Of the gallery owners T consulted, all concurred that the slower pace and temperament of the people in the Endagin provides the time to talk about art, which wouldn't be possible in New York or London. It also allows personal touches. When Elsbeth Bisig of Galerie Tschudi in neighboring Zuoz was preparing for the space's inaugural exhibition in 2002 — three installations by Richard Long that comprised hundreds of stones — she and her husband went to collect the basalt themselves for the four-time Turner Prize-nominated artist. (Starting Dec. 22, Tschudi will host a double show of Julian Charrière and Callum Innes, and Barbara Probst has an exhibition nearby at the Galleria Monica De Cardenas opening Dec. 10.)

Although art galleries are a relatively recent addition to the Engadin Valley (with the exception of Bischofberger's), the dramatic landscape and unique quality of light have always attracted artists, among them Alberto and Giovanni Giacometti, Ferdinand Hodler and Giovanni Segantini, who are celebrated in an exhibition opening at Galerie Andrea Caratsch (a Bischofberger protégé) in St. Moritz on Dec. 3. The Engadin has also been the site of some historic cultural events; it was on the shores of Lake Silvaplana that Nietzsche first conceived the idea for "Thus Spoke Zarathustra," and in 1919, the Russian ballet dancer Vaslav Nijinsky — on the brink of insanity — took his final bow at Suvretta House Hotel.

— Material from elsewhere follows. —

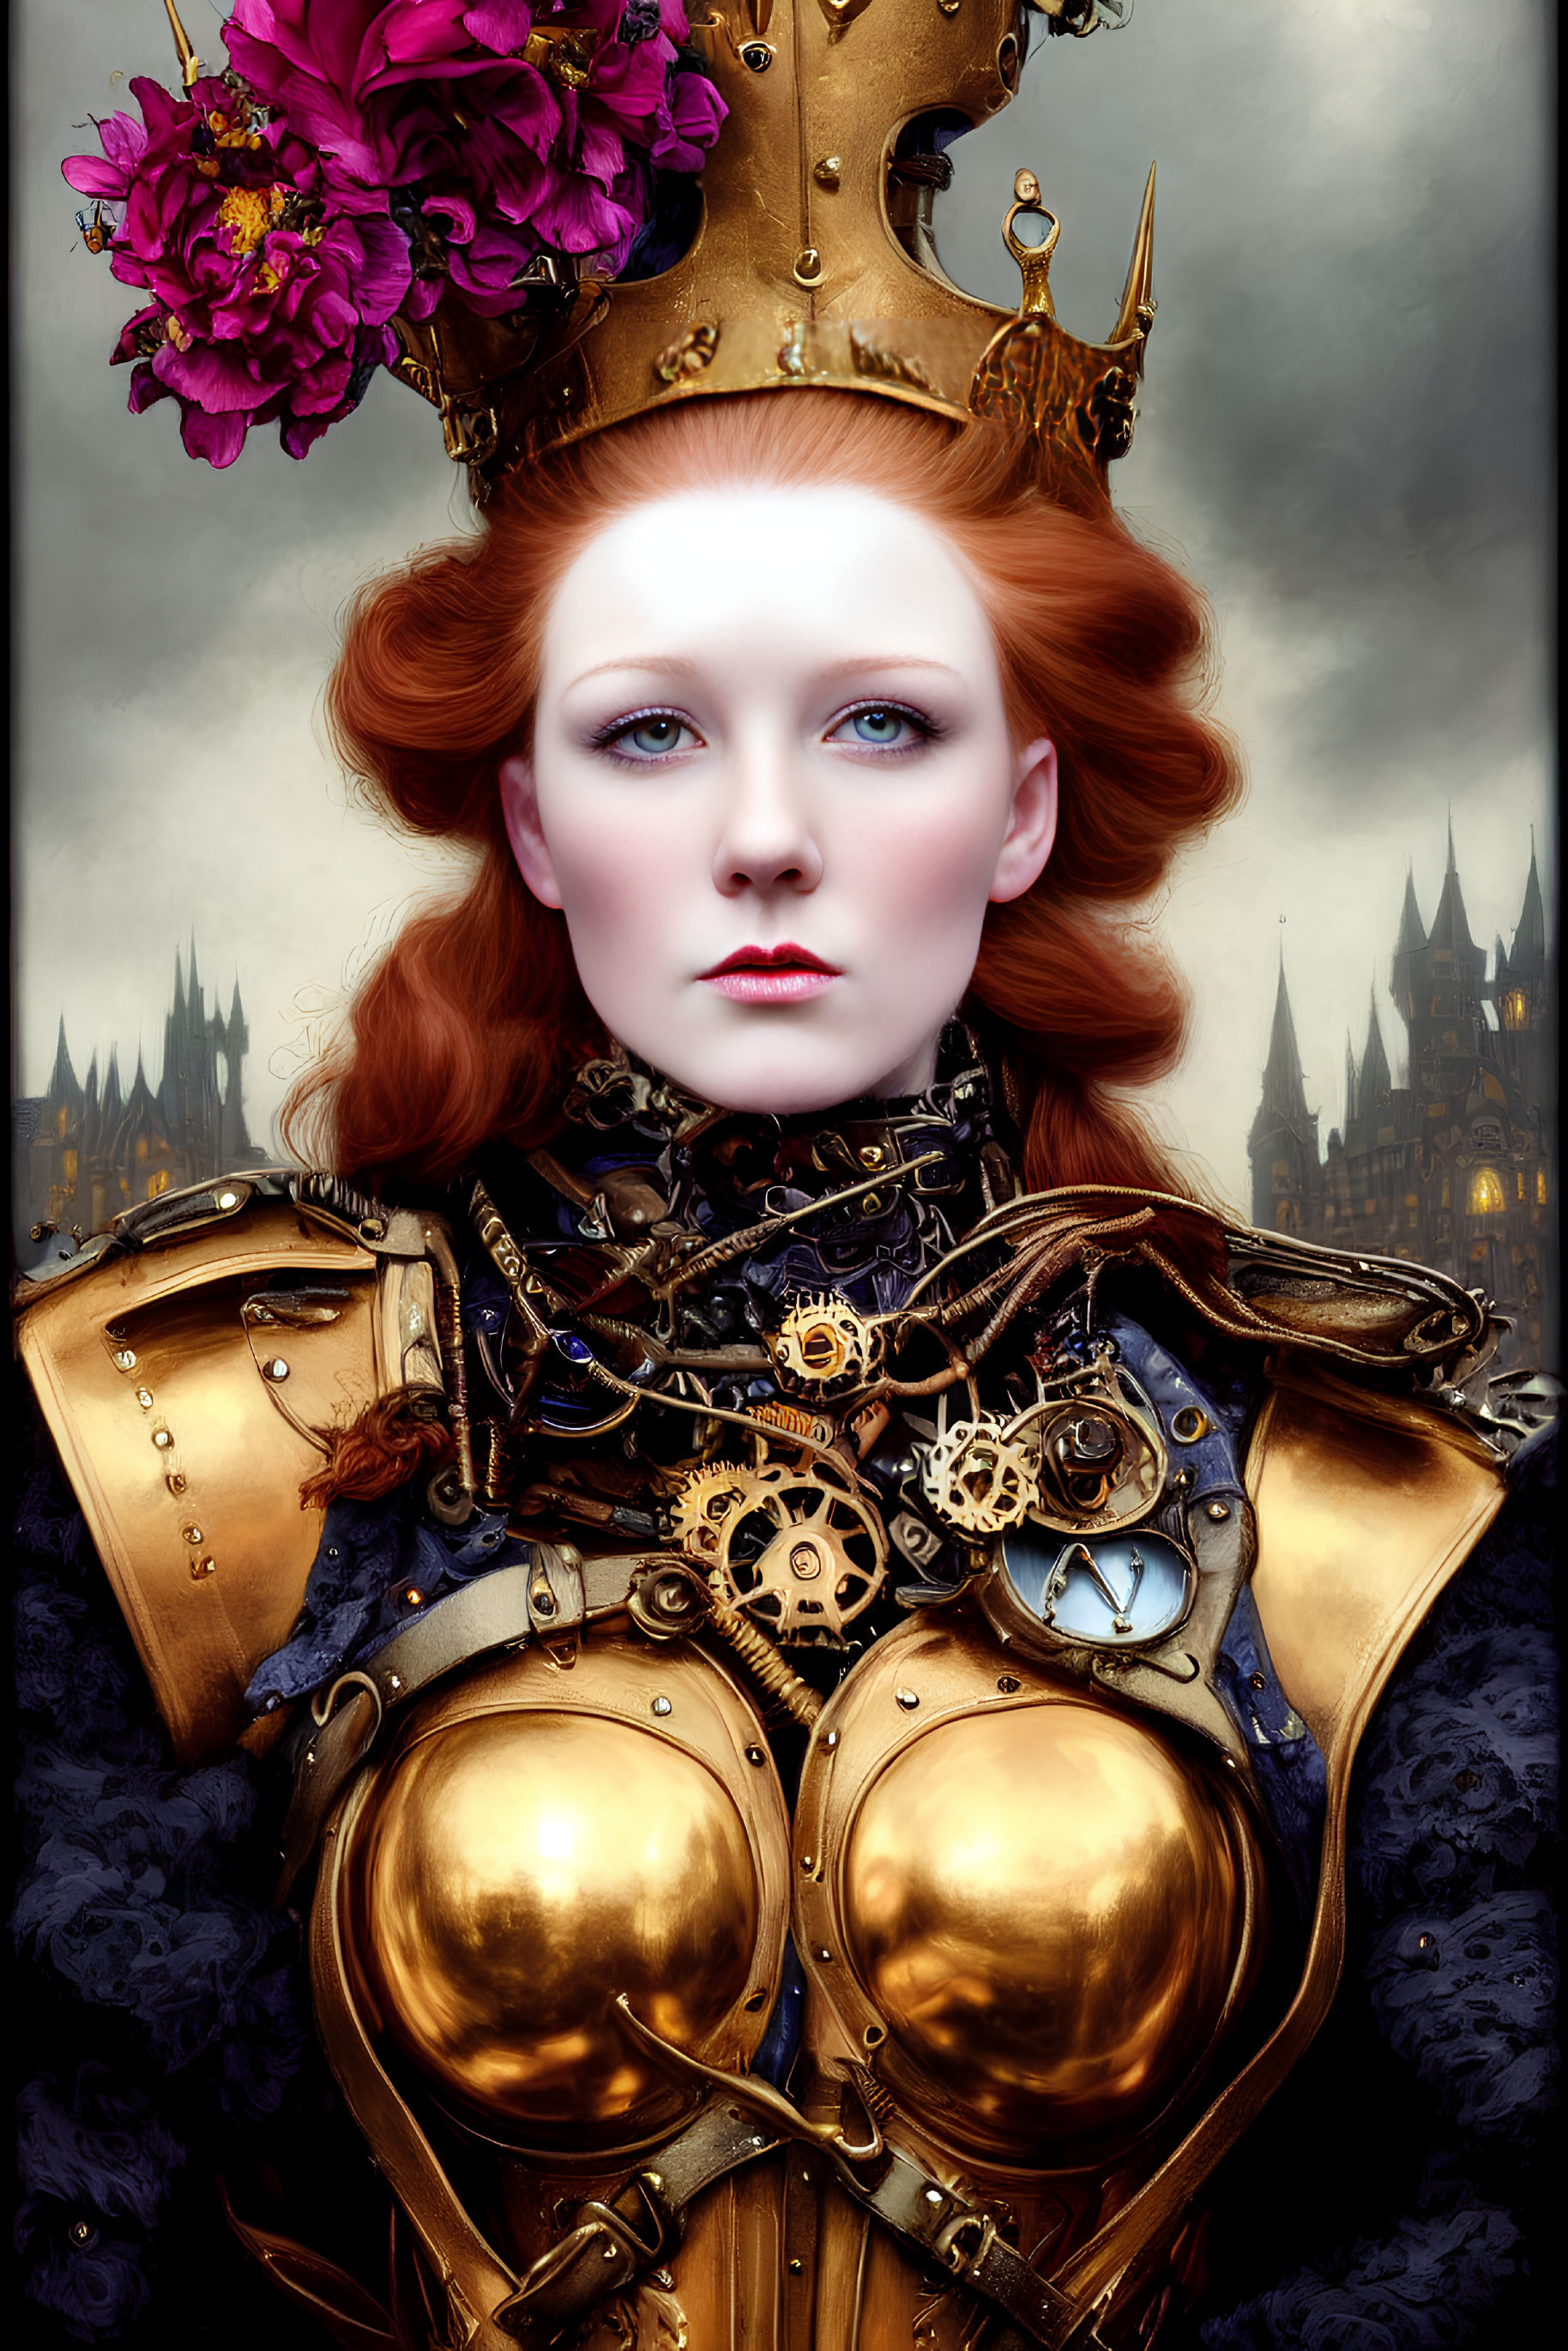 Regal figure with red hair and crown in steampunk armor against gothic backdrop

Today, Gerhard Richter, Julian Schnabel and Richard Long often come here to create, as does the artist (and Sent native) Not Vital, who describes the lasting influence of the Engadin on his work: "The height of my sculptures, often placed on poles, is related to living in the mountains, because you look up to them." Speaking from his home in Beijing, Vital adds, "Everything is up there — the sun that rises, the sun that sets — our viewpoint is much higher. The Engadin is the center of the world."